With this, the banned drugs – including D’Cold, Benadryl and Phensedyl that are widely used to treat headaches and colds – will continue be available freely in the market.
Many of these drugs went off the market after the health ministry banned 344 fixed-dose combination drugs in March but were back on shop shelves after pharma companies obtained a judicial stay on the order.
Government defends its move
The health ministry had banned these fixed-dose combination medicines over fears that they cause anti-microbial resistance and might even cause organ-failure because of high toxicity.
The Centre defends its decision saying these medicines are potential health and safety hazards. It said the ban impacting over 6,000-odd brands was aimed at curbing the misuse of medicines.
court set aside the ban
The court observed that the decision was taken by the Centre without following procedure prescribed in the Drugs and Cosmetics Act. It noted that the government had not consulted the Drugs Technical Advisory Board or the Drugs Consultative Committee but had acted on the advice of a ‘technical committee’, which, they said, violated the provisions of the Drugs and Cosmetics Act.
Further, it said, that under Section 26A of the Drugs Act, a drug can be banned only after the licence holder of that drug is given a three-month notice. The court also said that the “manner in which the proceedings till the issuance of the Notification have gone, does not suggest any such grave urgency (to ban the drugs)” since most of these FDCs had been available for long.

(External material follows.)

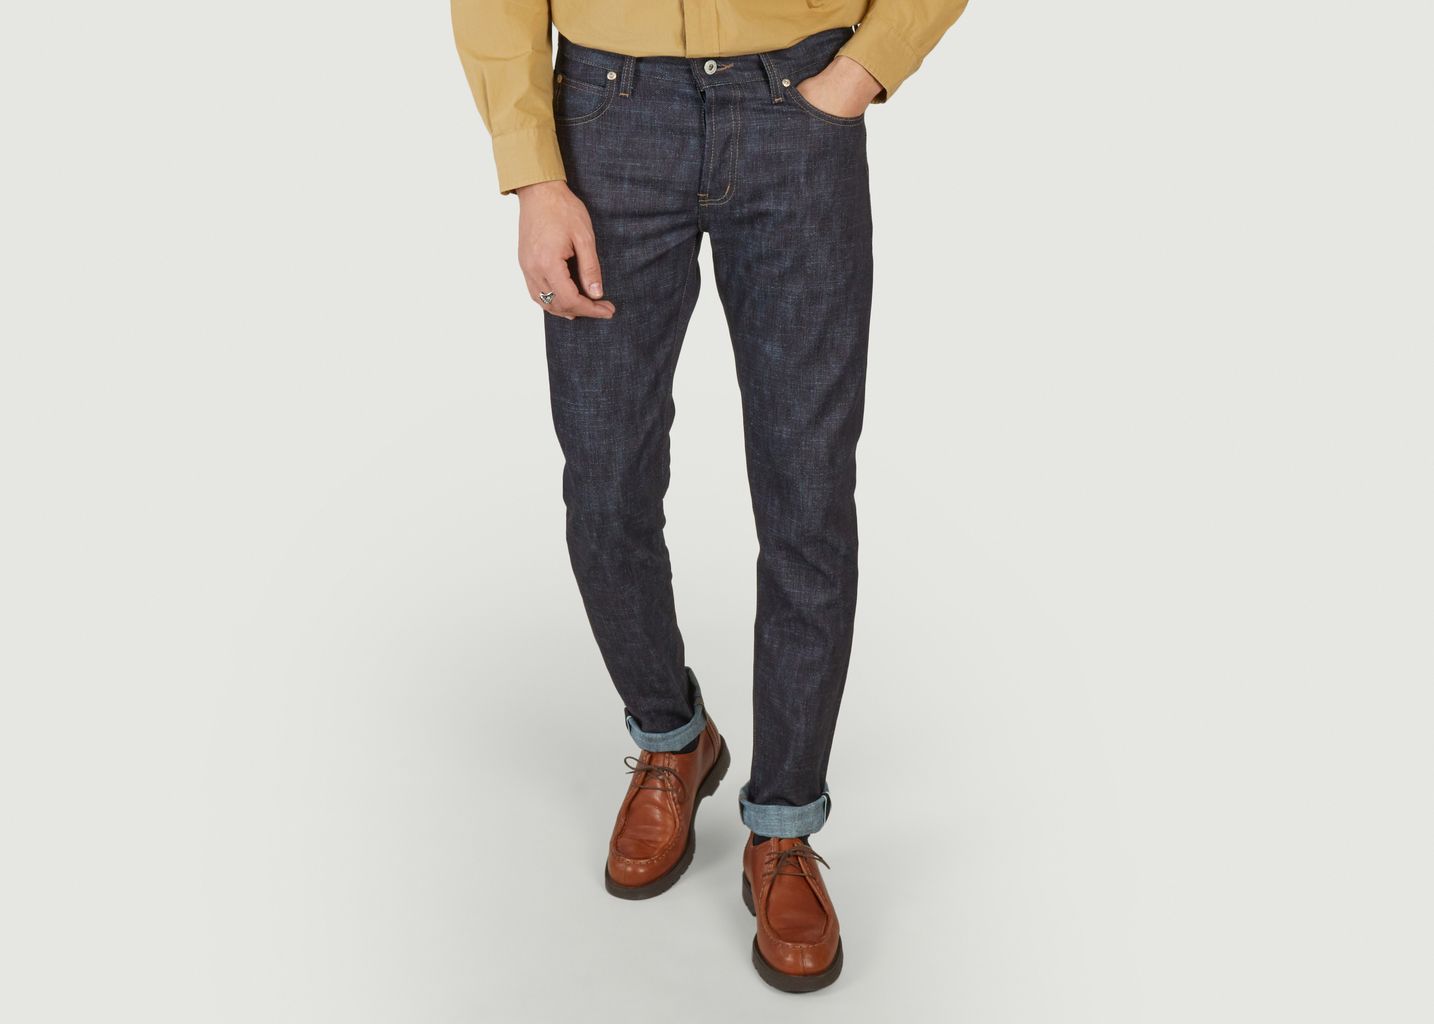 Jean Super Guy Broken Twill - Naked and Famous
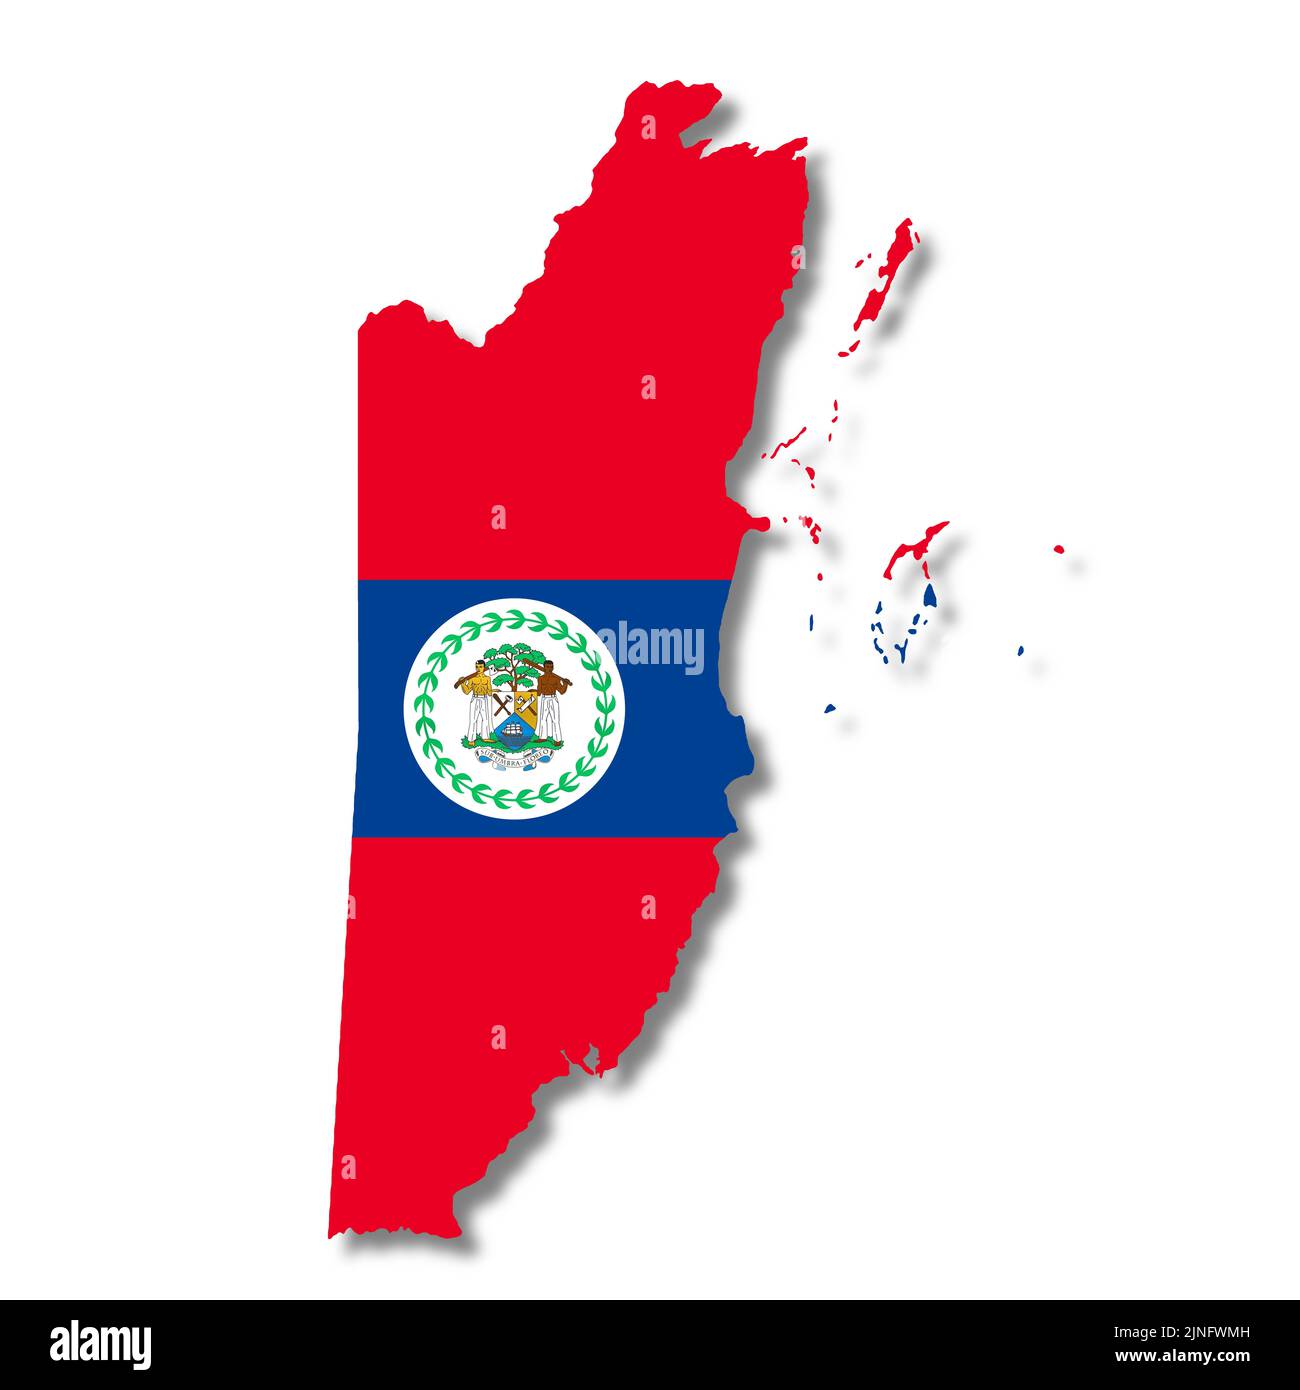 Belize flag map on white background 3d illustration with clipping path Stock Photo

Fixed-dose combination drugs, or FDCs, combine two or more drugs in a single pill and are widely used to improve patient compliance as it is easier to get someone to take one drug than several.
India is one of the world’s largest markets for fixed dose combination drugs that make up almost half the market share but medical experts say most of them are irrational, that is they haven’t been approved by the national regulator. Many of them slip through India’s labyrinthine regulation process with agencies at the central and state level, which often don’t coordinate.